An agent that forgets you between sessions feels like talking to an amnesiac. An agent that remembers everything verbatim runs out of context in three turns. Cross-session memory is the architectural middle ground — and 2026 is the year it stops being optional.
Why memory is suddenly the differentiator
Until recently, "memory" in LLM apps meant "load the last N messages". That works for a single session. It collapses the moment a user expects continuity across days. Three forces converged in 2026:
- Long-running agents (CS bots, research assistants, SRE copilots) became real products.
- Users discovered they do not want to re-explain themselves every session.
- Memory MCP servers (Mem0, Zep, the official memory MCP) made cross-session memory pluggable.
Three flavours of memory you actually need
Working memory
The current conversation, fits in the context window. No persistence, lives in the message array.
Episodic memory
"What we talked about last Tuesday." Stored as summarised events with timestamps. Retrieved by recency or topic match. Useful for "remind me what we decided about pricing".
Semantic memory
"What does the user prefer." Distilled facts: "user is a CTO at a B2B SaaS, prefers concise answers, hates emoji". Retrieved as a small bundle injected into every system prompt.
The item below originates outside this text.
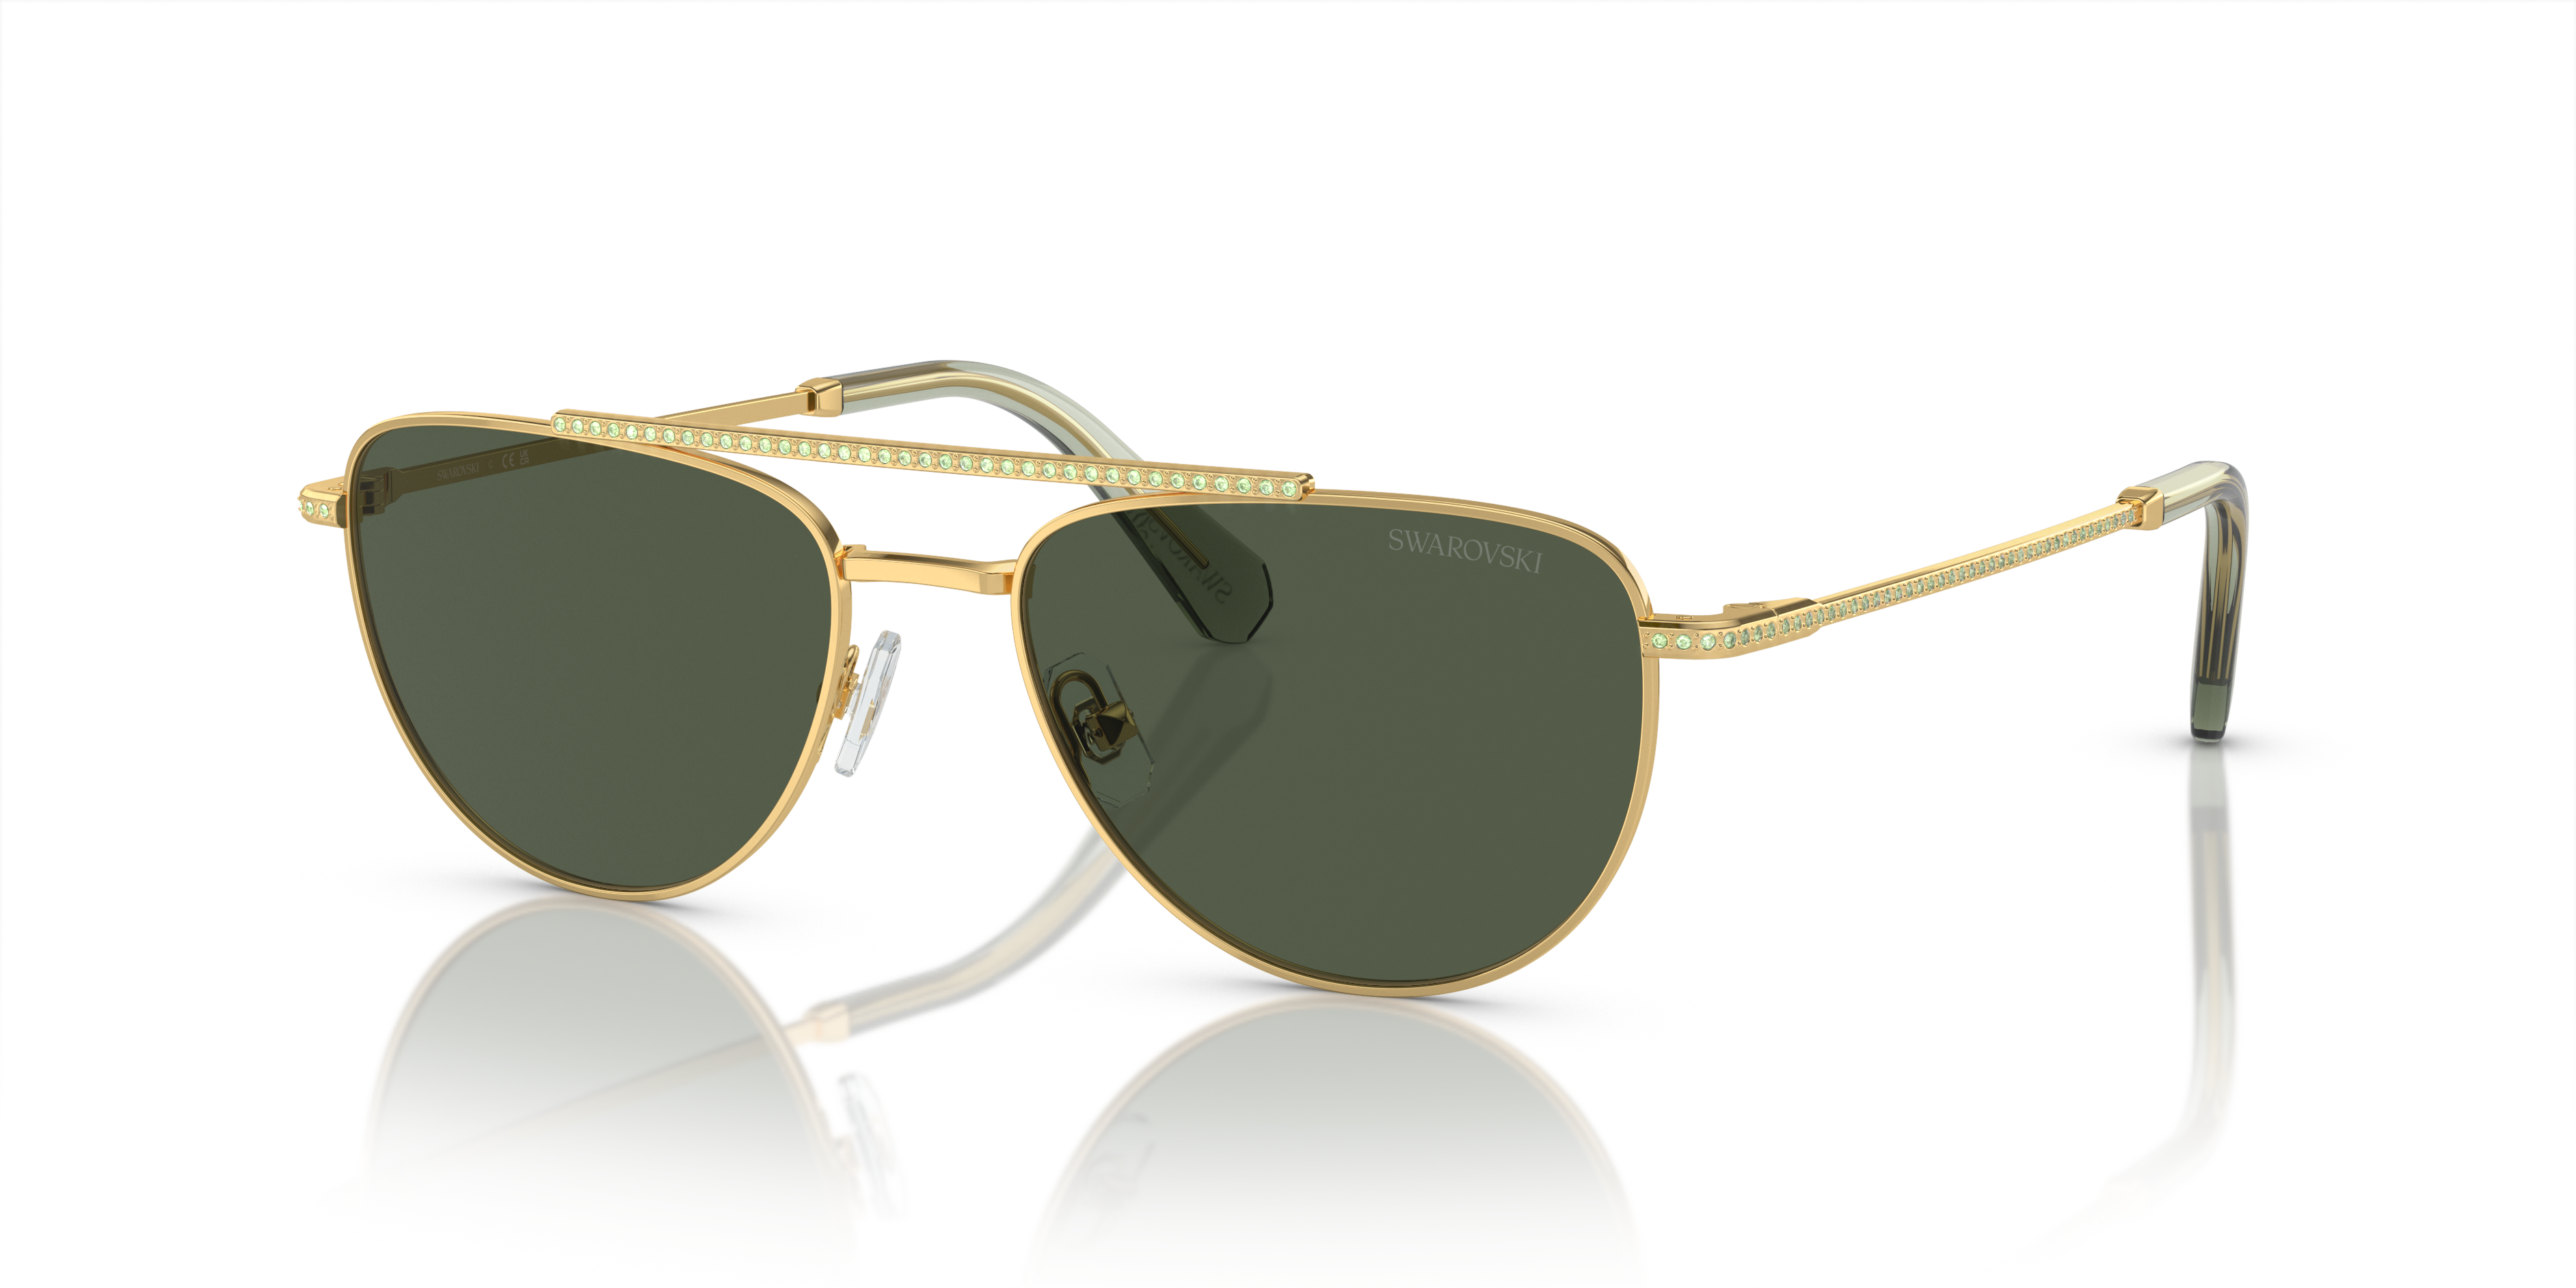 Sunglass Hut Launches Loyalty Program; Tractor Supply Amps up Member  Benefits - Retail TouchPoints

The shape of a working memory layer
A pragmatic stack looks like this:
System prompt
+ semantic facts (200 tokens)
-------------------------------
Recent messages (last 20 turns)
-------------------------------
Retrieved episodes (top 3 by relevance)
Total: ~3-5k tokens, regardless of how long the relationship has lasted.
The four hard problems
1. What to store
Storing every message bloats the index and dilutes retrieval. The fix: a memory writer agent that runs after each session and extracts only durable facts (preferences, decisions, constraints) and significant episodes (notable conversations).
2. When to forget
Memories should decay. A user address from 2024 may no longer be true. Patterns that work: timestamped facts with confidence scores, contradiction detection on write, periodic re-validation prompts.
3. How to retrieve without hallucination
Vector similarity gives plausibly-relevant results, not actually-relevant ones. Combine vector + keyword + metadata filters. Always show the model the source memory, not a paraphrase, so it can self-correct.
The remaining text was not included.